В Utero Электропорация подходы к изучению возбудимости нейрональных субпопуляциях и Connectivity одноклеточные
Summary
Эта рукопись содержит протоколы , которые используют в внутриутробно электропорации (ИЭГ) , чтобы описать структурную связность нейронов на уровне одной клетки и возбудимости флуоресцентно меченных нейронов. Гистологии используется для характеристики дендритную и аксонов проекции. Запись цельноклеточная при острых срезов используется для исследования возбудимость.
Abstract
Нервная система состоит из огромного диапазона различных типов нейронов. Эти нейронные субпопуляции характеризуются, помимо всего прочего, их различных дендритных морфологией, их специфических форм аксонов соединений и их селективных реакций обжига. Молекулярные и клеточные механизмы, ответственные за эти аспекты дифференциации в процессе развития все еще плохо изучены.
Здесь мы опишем комбинированные протоколы для маркировки и характеризующие структурную связность и возбудимость корковых нейронов. Модификация протокола в маточно электропорации (ИЭГ) позволяет маркировать разреженной популяции нейронов. Это, в свою очередь, позволяет идентифицировать и отслеживать дендритов и аксонов отдельных нейронов, точной характеристики ламинарного расположения аксонов проекций и анализа морфометрического. ИЭГ также может быть использован для изучения изменений в возбудимостидикого типа (WT) или генетически модифицированные нейроны, комбинируя его с записью целых клеток от острых кусочков электропорации мозга. Эти два метода способствуют лучшему пониманию сочетания структурных и функциональных связей и молекулярных механизмов, контролирующих нейронную разнообразие в процессе развития. Эти процессы развития имеют важные последствия для аксонов проводки, функциональное разнообразие нейронов и биологии когнитивных расстройств.
Introduction
Развитие дендритных и аксонального структур является важным аспектом регулирования цепи в нервной системе, в том числе и в коре головного мозга. Он играет важную роль в процессе селективного проводки разнообразных нейронных субпопуляций. Ряд последних отчетов показали, что, в дополнение к связи, молекулярное разнообразие нейронов отражается приобретение весьма специфических режимов стрельбы. Однако механизмы , определяющие возбудимость и связность различных нейрональных подтипов в процессе развития, а также степень их координации, все еще плохо изучены 1, 2.

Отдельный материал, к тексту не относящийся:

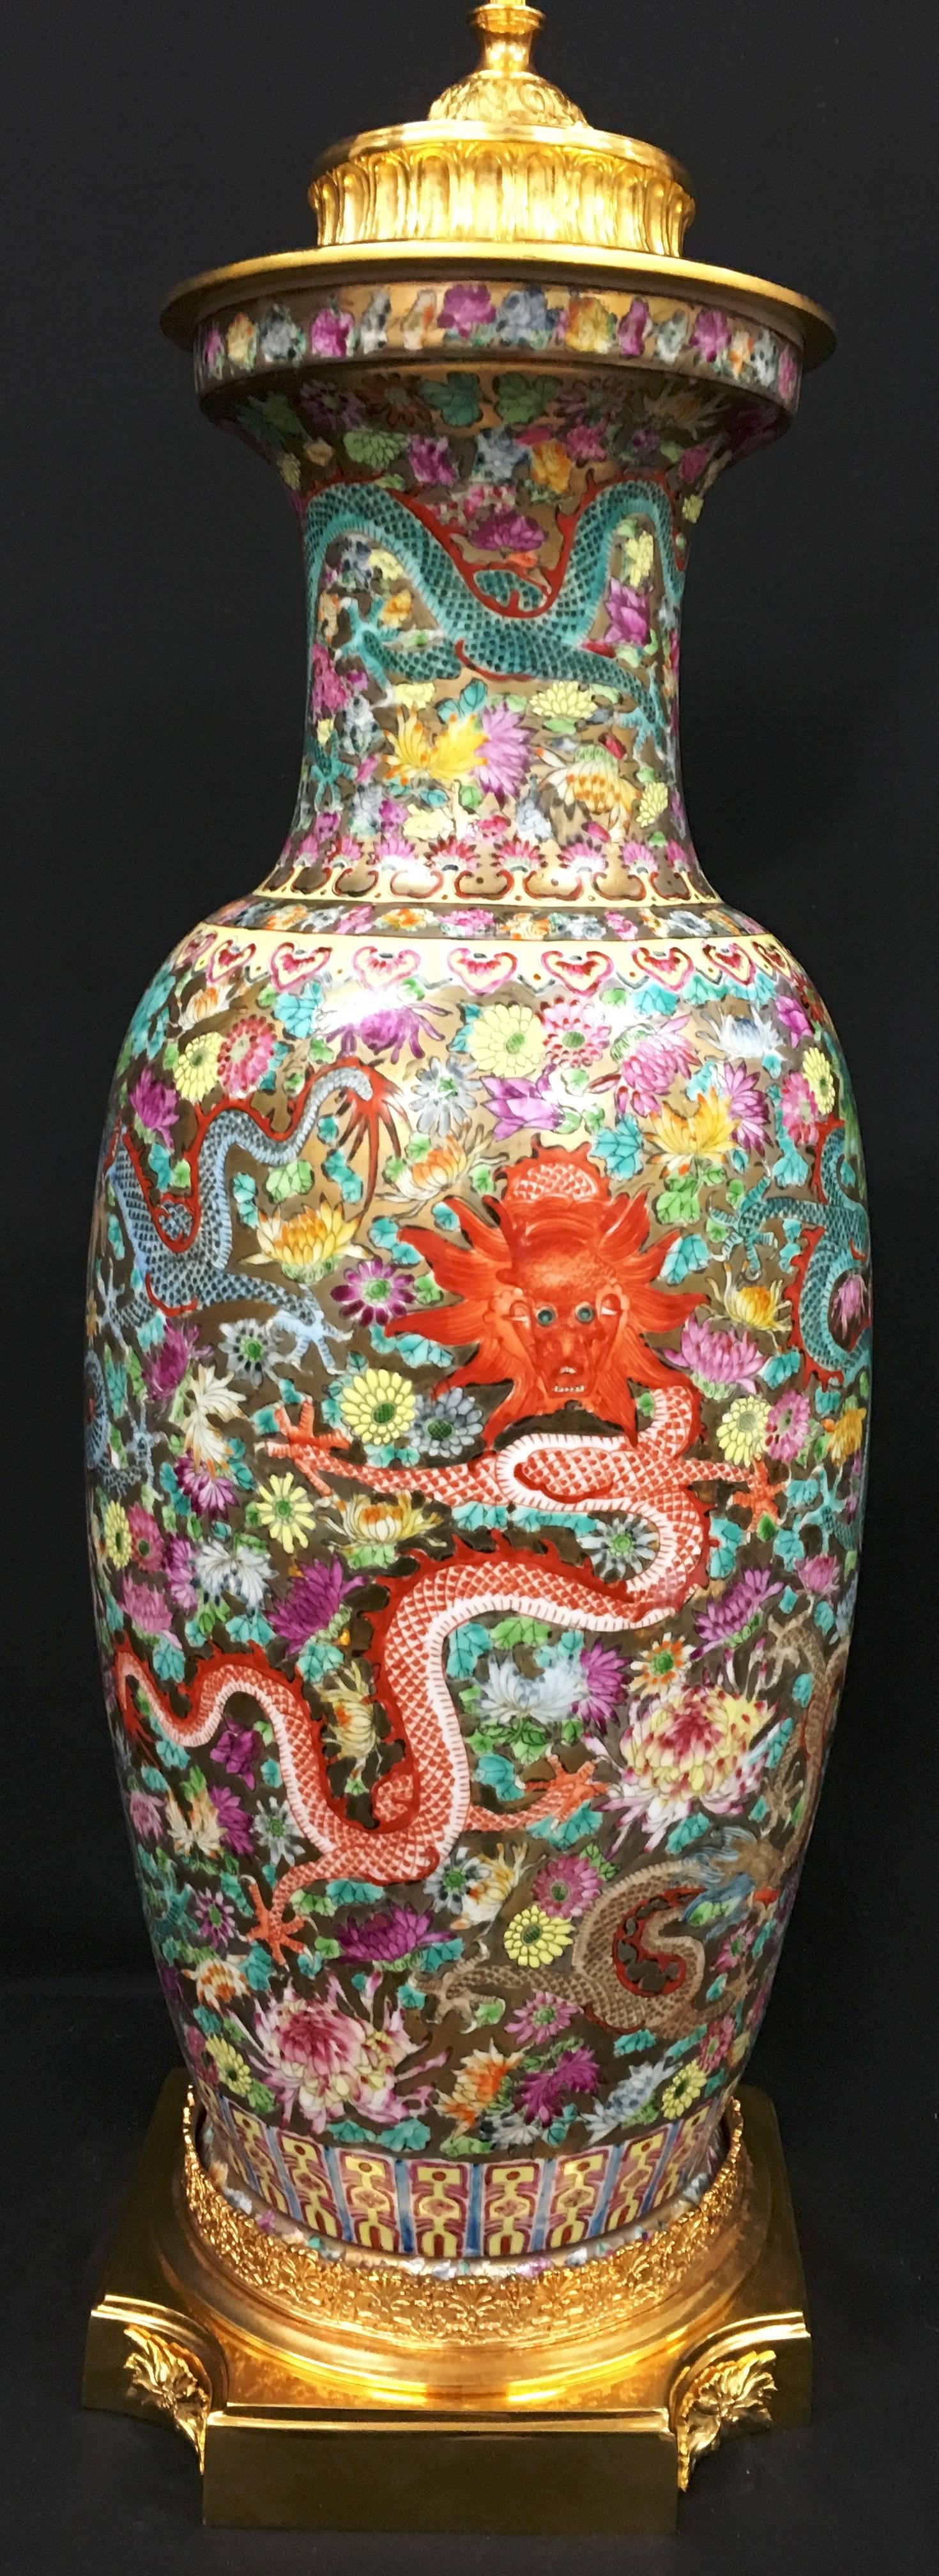 A very impressive 19th century Chinese famille rose vase/lamp. Having fine hand-painted decoration, depicting flowers and foliage with mythical dragons amongst them and gilded ormolu mounts to the top and base.

В естественных условиях убыт- и получить-оф-функции анализа позволяют для изучения взаимосвязи между уровнем экспрессии специфических генов и их влияние в развитии схемы. Внутриутробное электропорации (ИЭГ) представляет собой метод широко используется для изученияфункция представляющего интерес гена в конкретных нейронные популяции и изучить общие закономерности их соединения. Тем не менее, для определения морфологических характеристик аксонов и дендритов в кортикальных слоях в живых мышей, необходимо маркировать нейроны скудно. Рекомбинация система Cre в сочетании с ИЭГ может использоваться, чтобы отметить редкую популяцию нейронов при достаточно низкой плотности для разрешения проекции, излучаемые отдельными клетками определенных корковых пластинками. Этот метод метки достаточное количество нейронов в коре головного мозга , чтобы получить количественные данные после анализа разумных числа электропорации мозга (рисунок 1). Эта рукопись представляет собой метод для такого тонкого анализа связности. Она также представляет собой ту же стратегию, чтобы проанализировать, в отдельных экспериментах, электрические свойства нейронов путем выполнения текущего хомута записи на зеленый флуоресцирующий белок (GFP) -electroporated клетки от острых корковых срезов. Эти протоколы являются универсальными и могут быть применены к изучению возбудимости и связи нейронов WT и трансгенных животных, а также нейронов, в которых потери и выигрыши функции вводятся дополнительные плазмид во время ИЭГ.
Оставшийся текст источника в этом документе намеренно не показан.